### EXERCISE AIM
Skip pictures in the listing below; copy exactly the lines from the one with "Walpole Bay Hotel, Cliftonville, Margate, Kent, England, UK" through the one with "[363597] - Setelan", inclusive.

### SUPPLIED MATERIAL
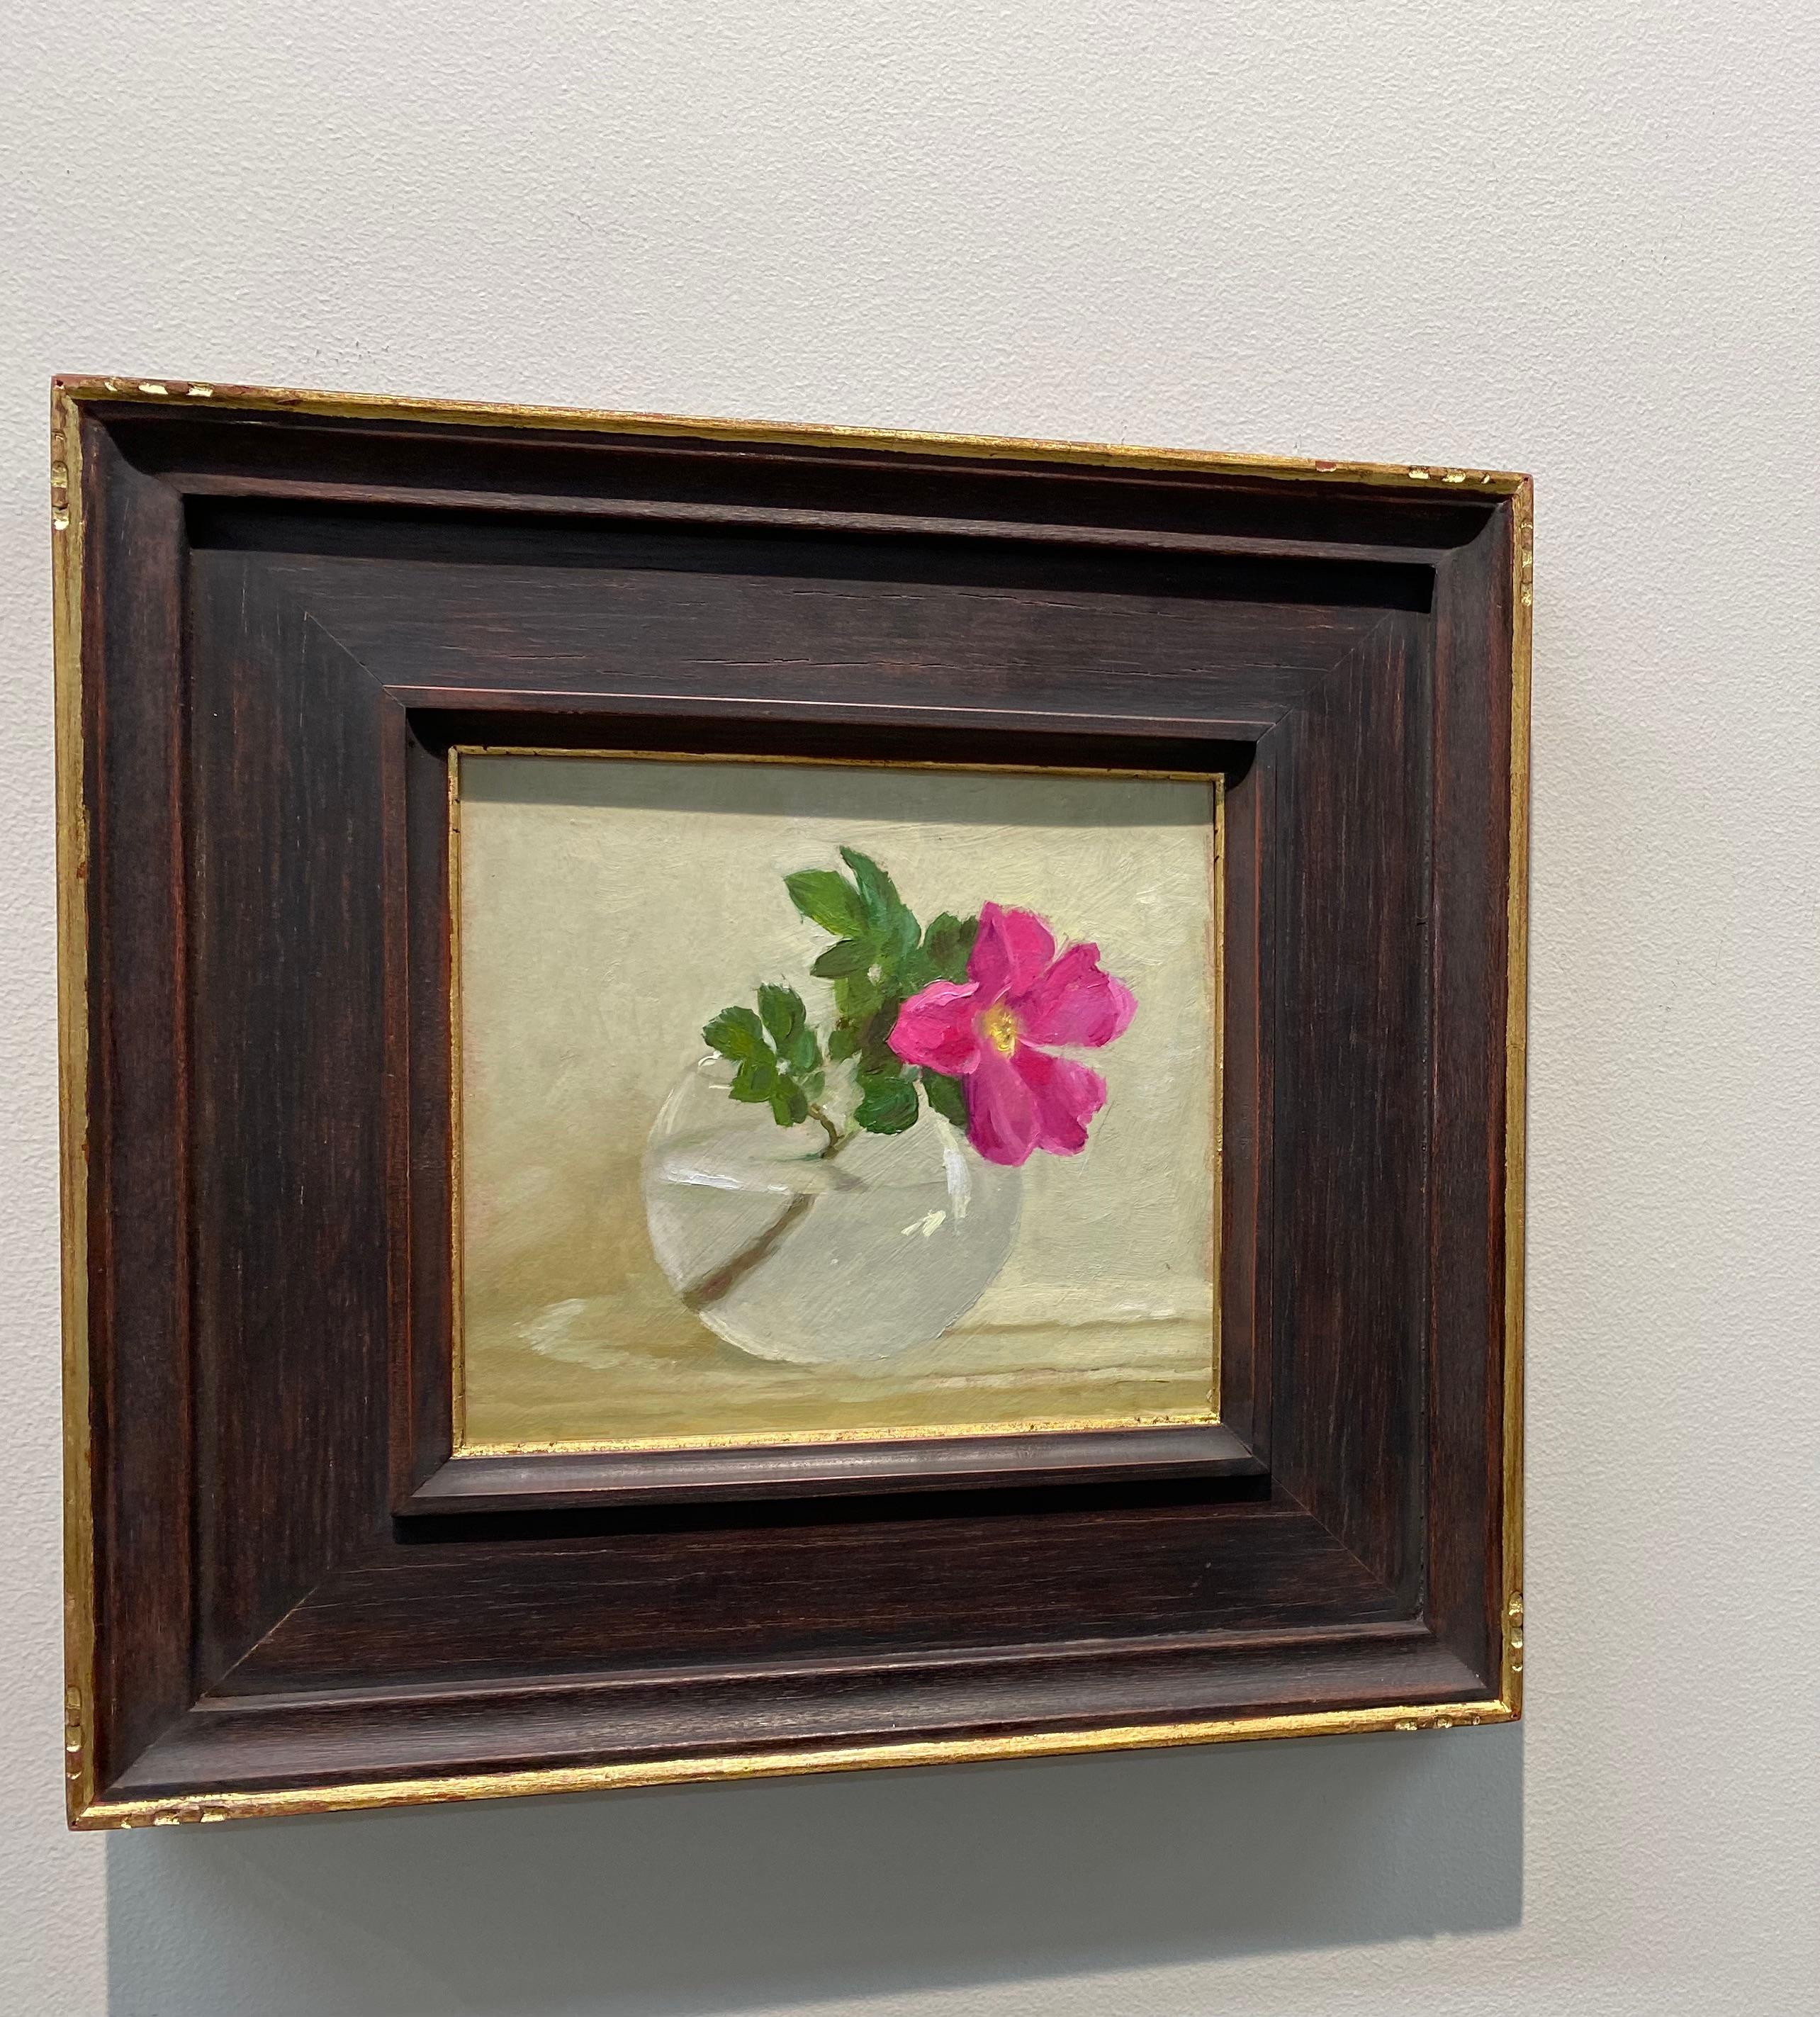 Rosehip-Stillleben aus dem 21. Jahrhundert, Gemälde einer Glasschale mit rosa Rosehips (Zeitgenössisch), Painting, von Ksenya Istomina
--
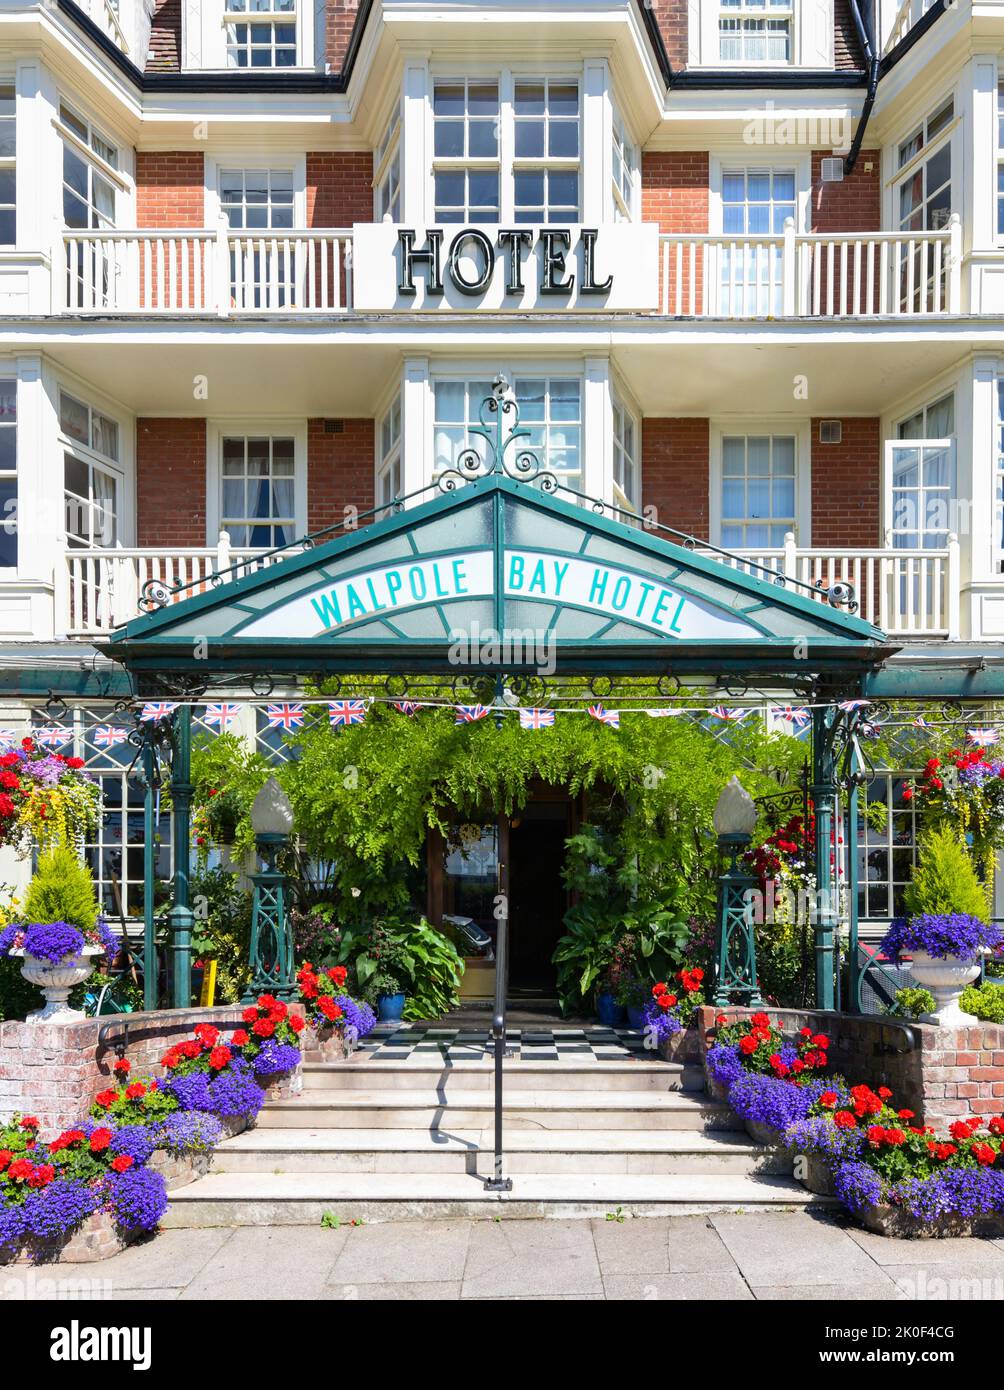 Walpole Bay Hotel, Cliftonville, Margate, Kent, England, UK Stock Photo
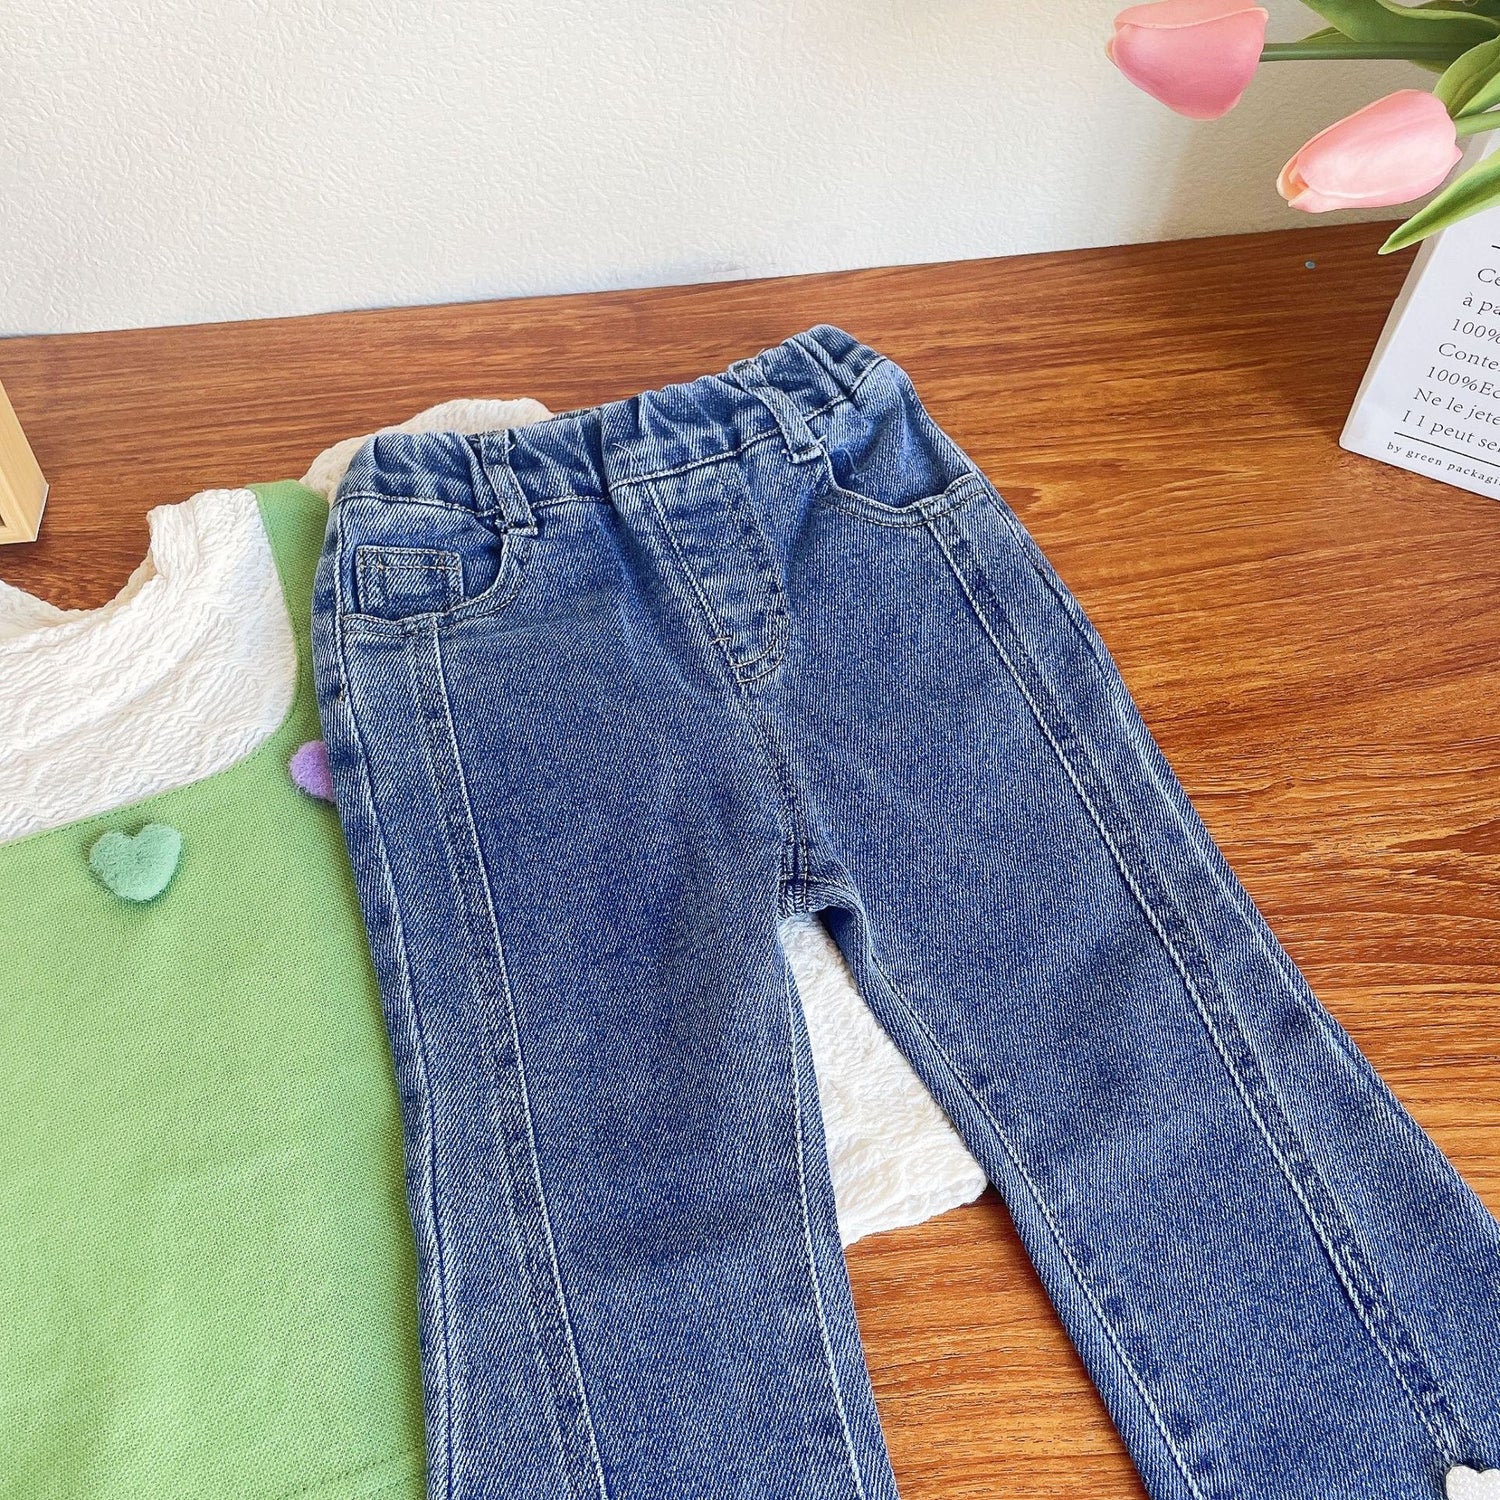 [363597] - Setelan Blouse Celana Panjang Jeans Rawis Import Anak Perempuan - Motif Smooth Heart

### TASK OUTPUT
 Walpole Bay Hotel, Cliftonville, Margate, Kent, England, UK Stock Photo
 [363597] - Setelan Blouse Celana Panjang Jeans Rawis Import Anak Perempuan - Motif Smooth Heart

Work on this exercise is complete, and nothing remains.